CALGARY, ALBERTA--(Marketwire - Dec. 12, 2011) -

NOT FOR DISTRIBUTION TO U.S. NEWS WIRE SERVICES OR FOR DISSEMINATION IN THE UNITED STATES

Yoho Resources Inc. ("Yoho" or the "Company") (TSX VENTURE:YO) is pleased to announce that it has entered into an agreement with a syndicate of underwriters led by FirstEnergy Capital Corp. and including Acumen Capital Finance Partners Limited, Haywood Securities Inc., Paradigm Capital Inc., Peters & Co. Limited and CIBC World Markets Inc. (collectively, the "Underwriters") pursuant to which the Underwriters have agreed to purchase on a bought deal basis for resale, 4,545,500 common shares of the Company (the "Common Shares") at an issue price of $3.30 per Common Share for aggregate gross proceeds of $15,000,150 (the "Prospectus Offering"). Yoho has also granted the Underwriters an option, (the "Over-Allotment Option") exercisable in whole or in part, for a period commencing on the closing of the Offering and ending 30 days following the closing date, to purchase up to an additional 681,825 Common Shares to cover over-allotments, if any, and for market stabilization purposes, at a price of $3.30 per Common Share for additional aggregate gross proceeds of up to $2,250,022.50. If the Over-Allotment Option is fully exercised, gross proceeds from the Prospectus Offering will be $17,250,172.50.

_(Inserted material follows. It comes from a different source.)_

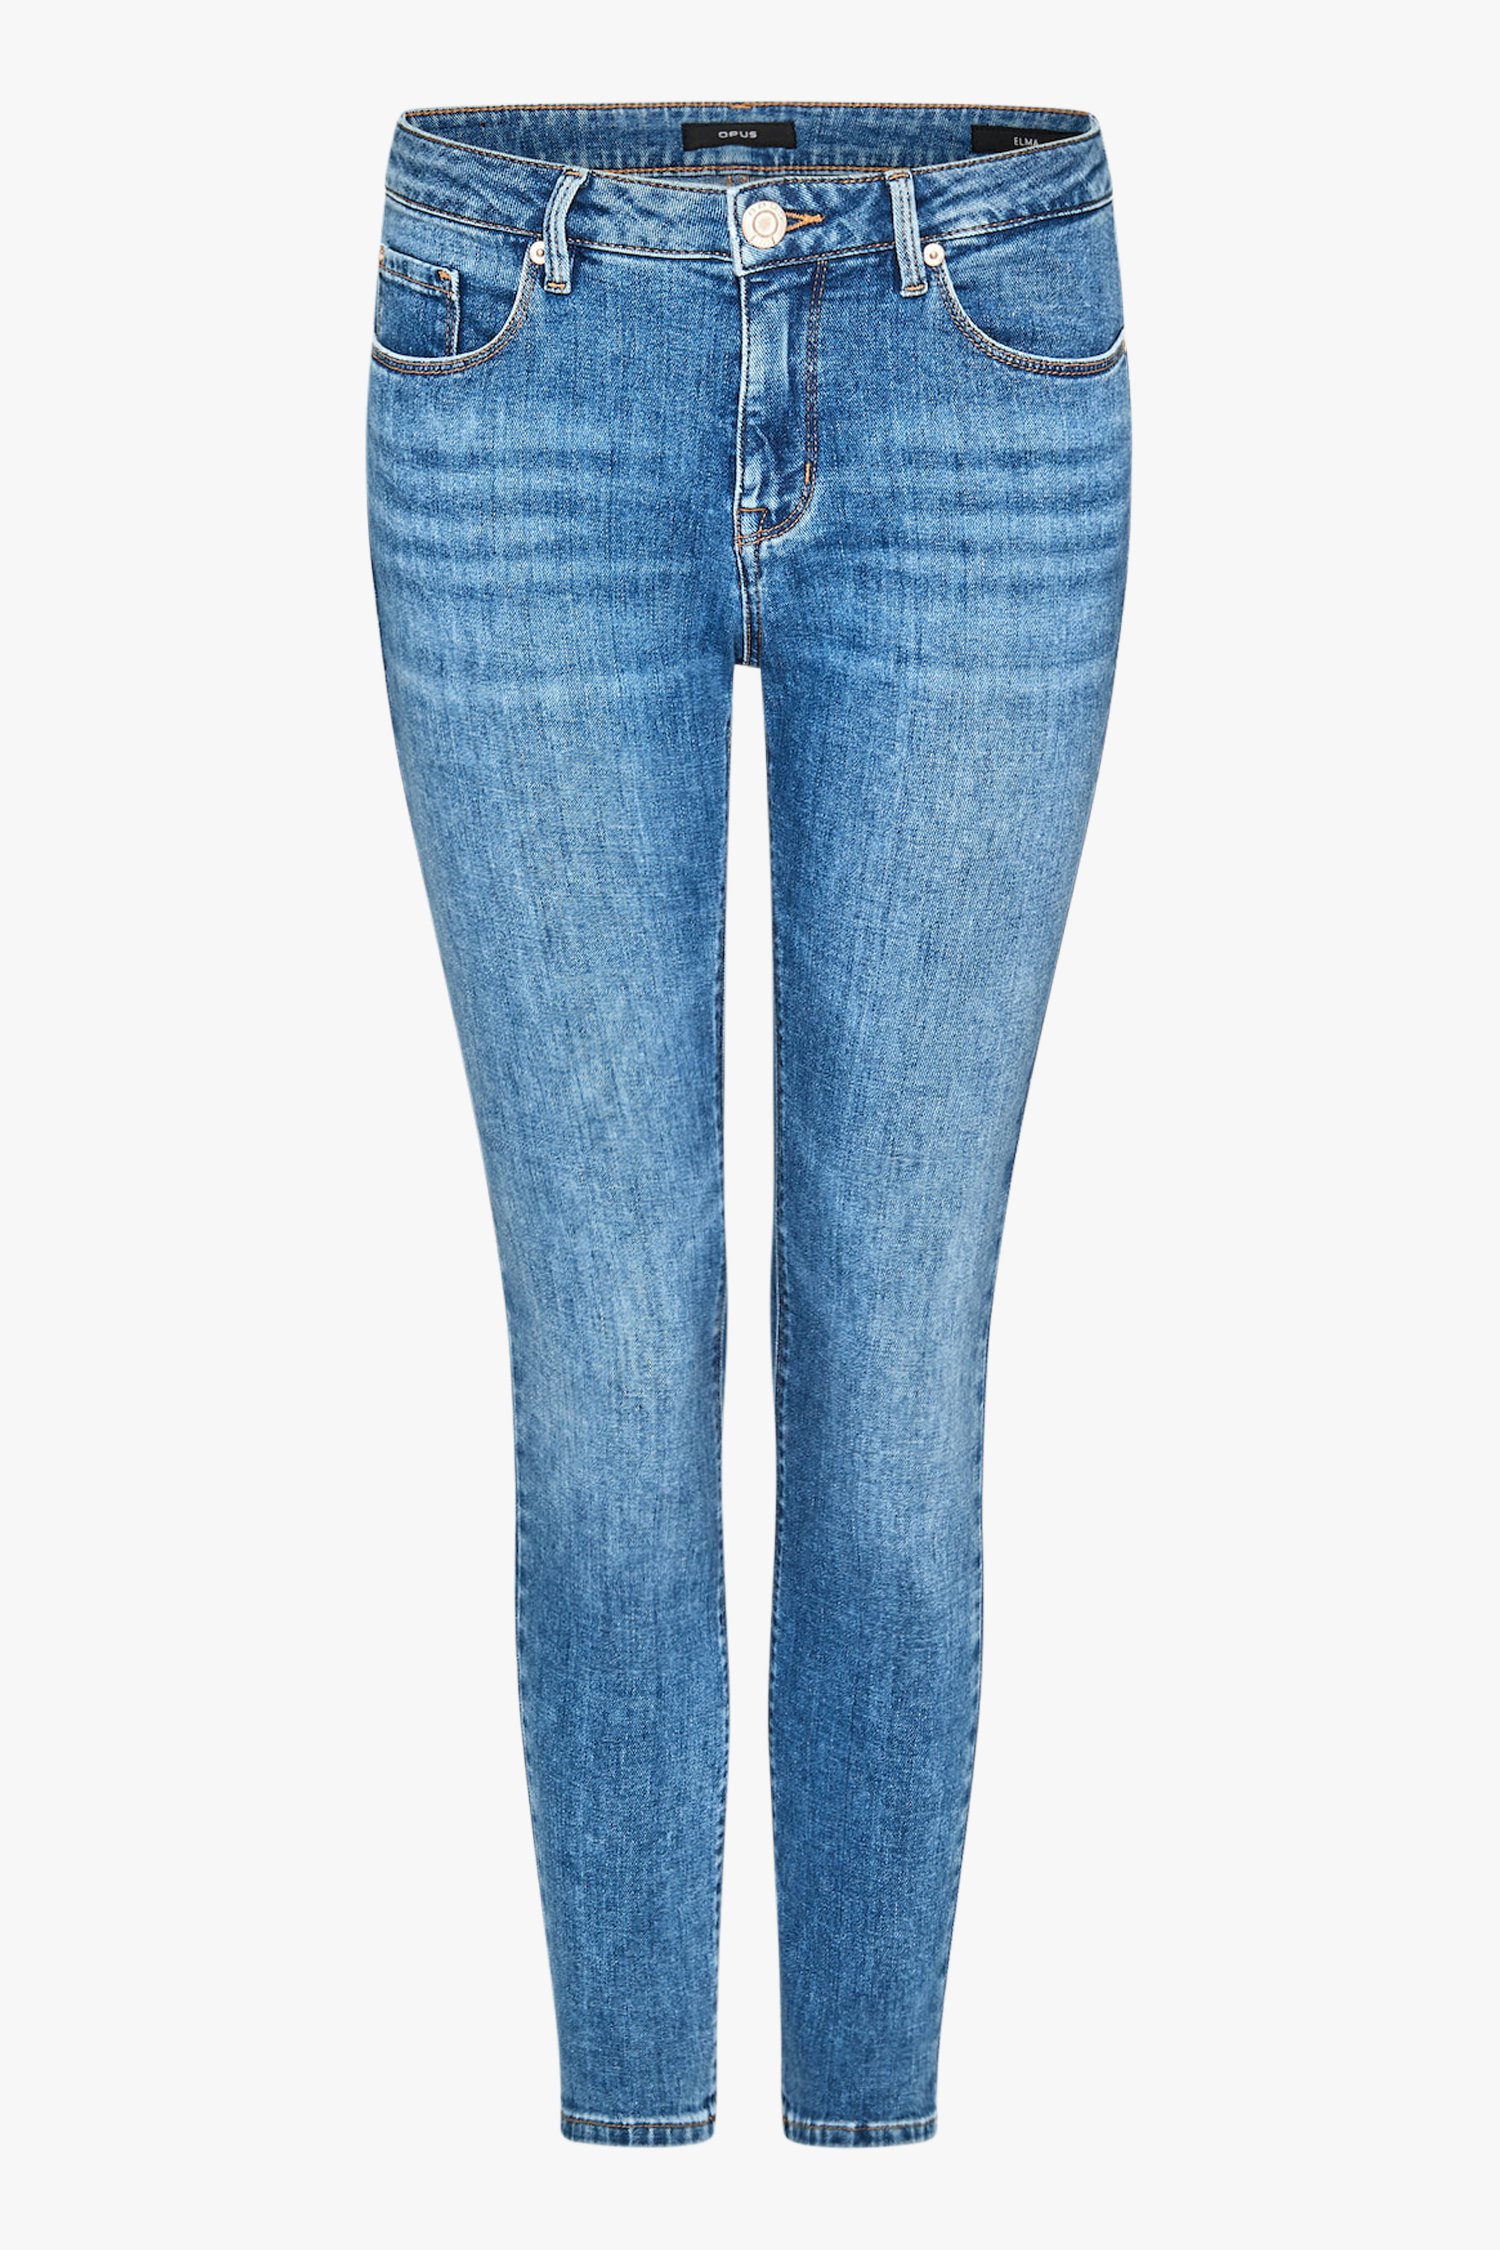 Blauwe jeans - Elma - skinny - L30 van Opus voor Dames

The Prospectus Offering will be completed by way of short form prospectus in certain provinces of Canada and on a private placement basis in the United States pursuant to exemptions from the registration requirements of the U.S. Securities Act of 1933, as amended. The Prospectus Offering is subject to customary conditions including receipt of applicable regulatory approvals and is expected to close on or about January 4, 2012.

Yoho is also pleased to announce that concurrent with the Prospectus Offering, it intends to proceed with a brokered private placement with each of the above named Underwriters, acting as agents on behalf of Yoho, to sell on a "best efforts" basis, up to 500,000 Common Shares issued on a "flow-through" basis pursuant to the provisions of the Income Tax Act (Canada) (the "Flow-Through Shares") at an issue price of $4.00 per Flow-Through Share for aggregate gross proceeds of up to $2,000,000 (the "Brokered Private Placement"). Additionally, Yoho intends to proceed with a non-brokered private placement of up to an additional 500,000 Flow-Through Shares at an issue price of $4.00 per Flow-Through Share for additional gross proceeds of up to $2,000,000 (the "Non-Brokered Private Placement" and together with the Brokered Private Placement, the "Private Placements").

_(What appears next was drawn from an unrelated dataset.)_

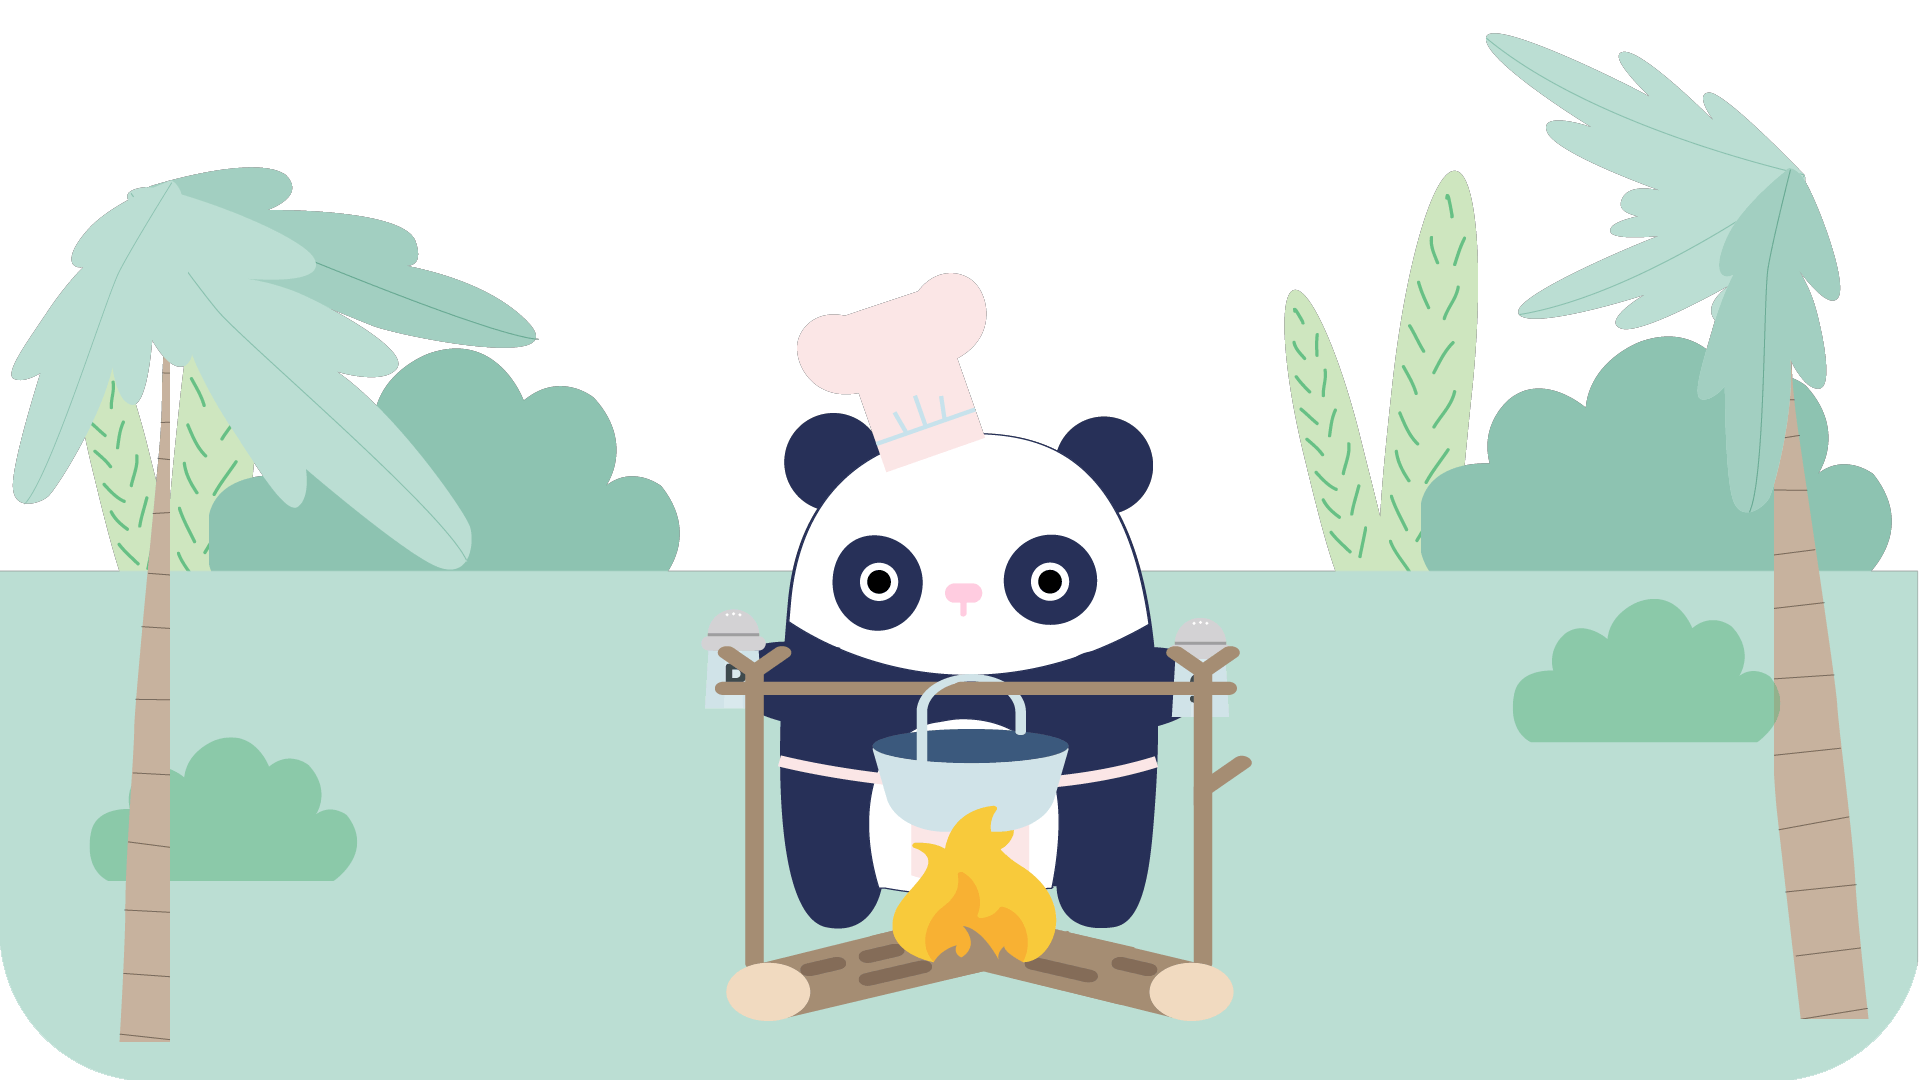 Ricebamboo
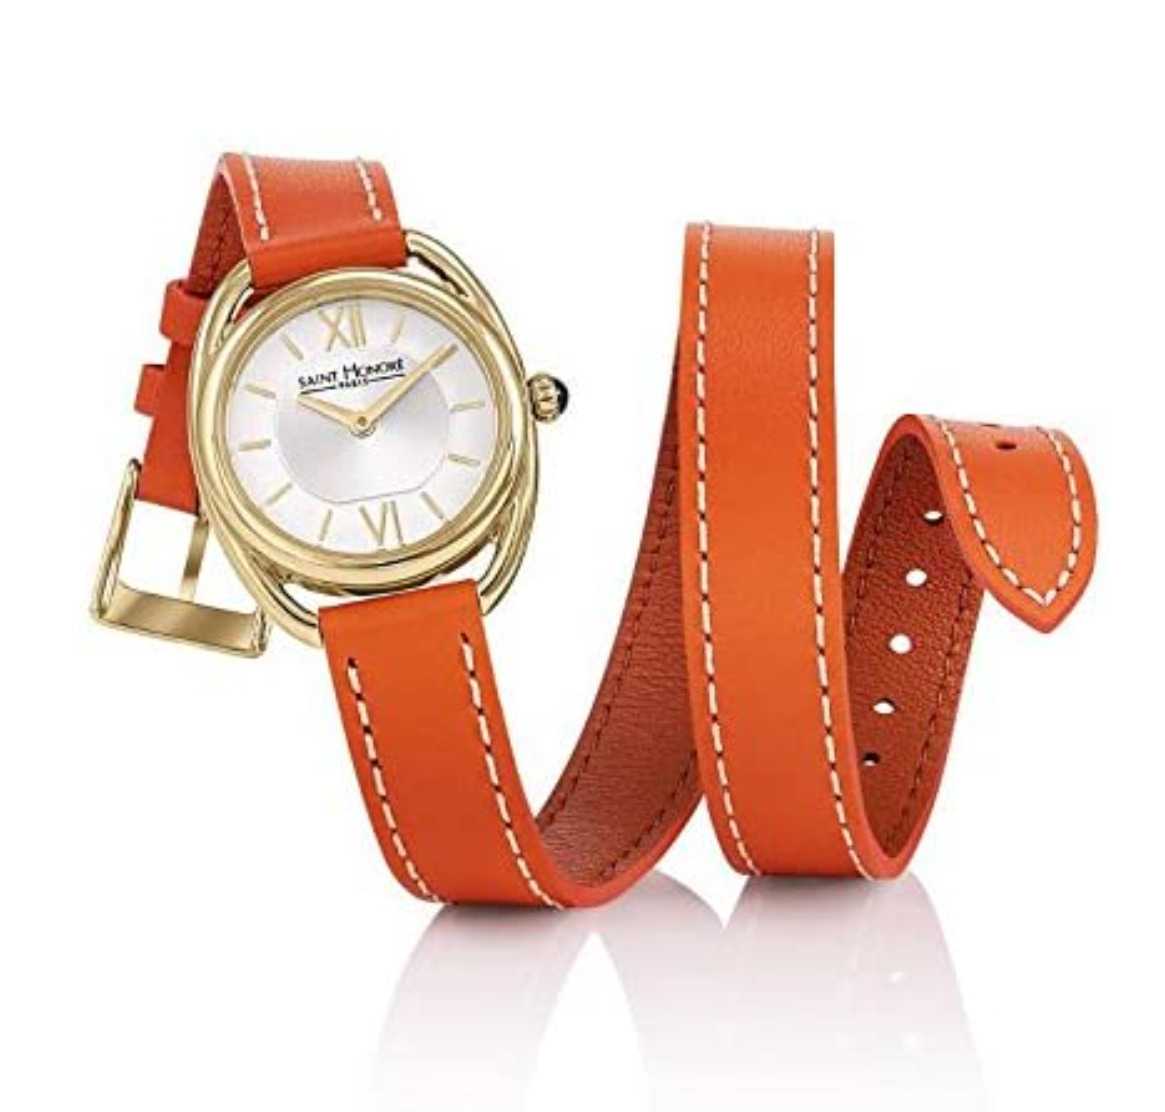 Saint Honoré Women's Analogue Quartz Watch + Orange Leather Strap 7215263AIT-O

The Private Placements are subject to customary conditions including receipt of applicable regulatory approvals and are expected to close on or about December 30, 2011.

Proceeds of the Prospectus Offering and the Private Placements will be used to initially reduce Yoho's existing bank indebtedness and to accelerate Yoho's exploration and development program, with the gross proceeds from the sale of the Flow-Through Shares used to fund ongoing exploration activities eligible for Canadian exploration expenses which will be renounced in favour of the subscribers of the Flow-Through Shares effective on or before December 31, 2011.

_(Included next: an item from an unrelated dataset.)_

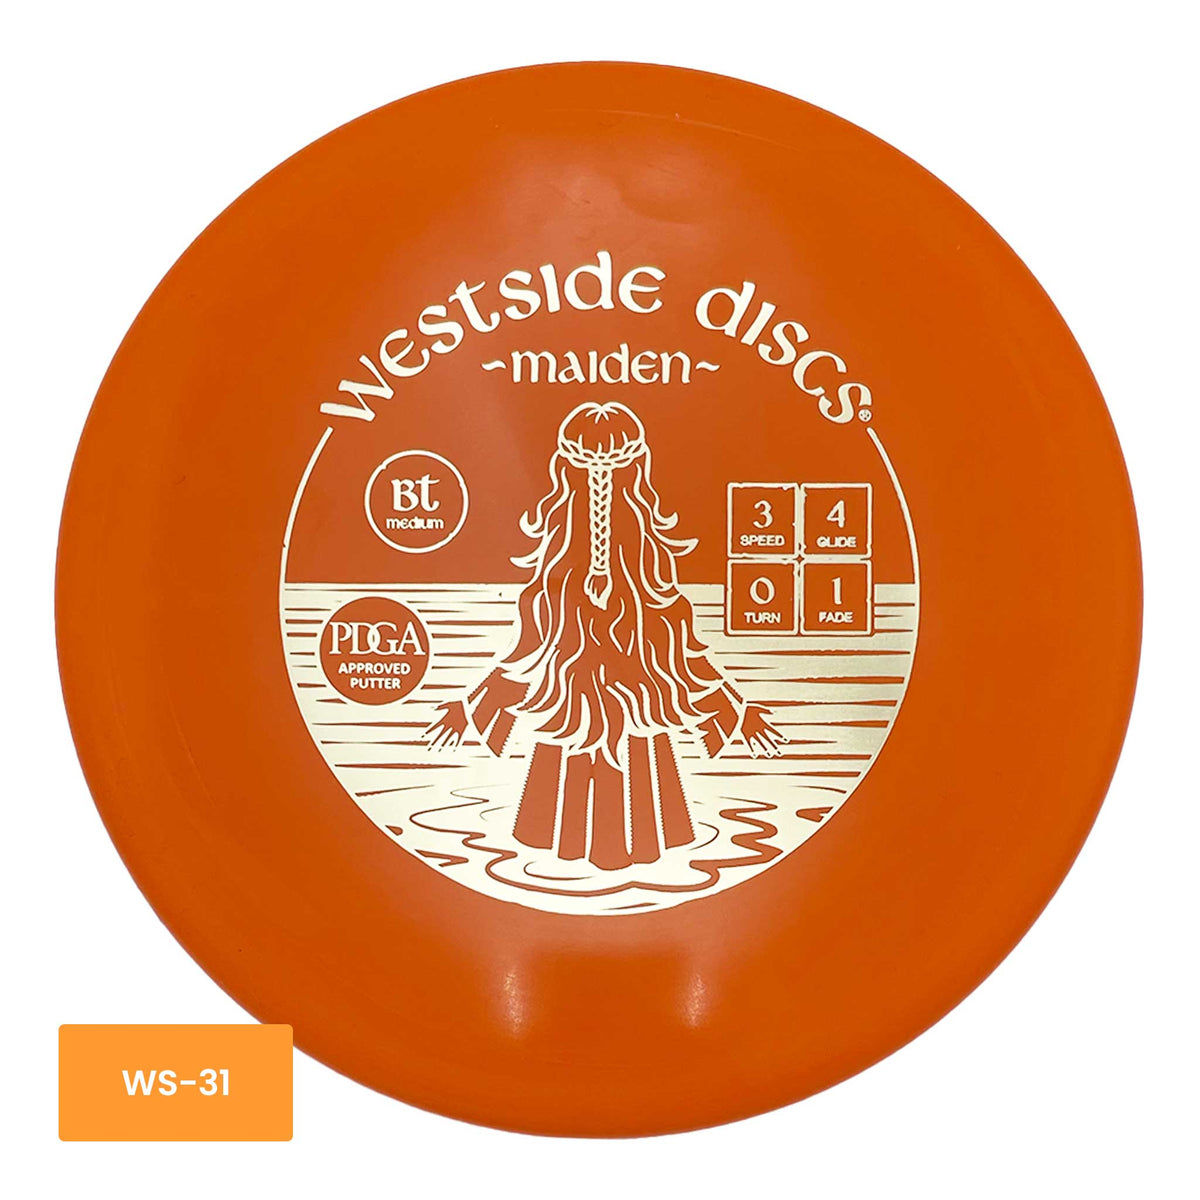 Westside Discs BT Medium Maiden putter and approach - Orange

Yoho is a Calgary based junior oil and natural gas company with operations focusing in the northwest Peace River Arch of Alberta and northeast British Columbia. The Common Shares are listed on the TSX Venture Exchange under the symbol "YO".

This press release shall not constitute an offer to sell or a solicitation of an offer to buy the securities in any jurisdiction. The common shares of Yoho will not be and have not been registered under the United States Securities Act of 1933, as amended, and may not be offered or sold in the United States, or to a U.S. person, absent registration or applicable exemption therefrom.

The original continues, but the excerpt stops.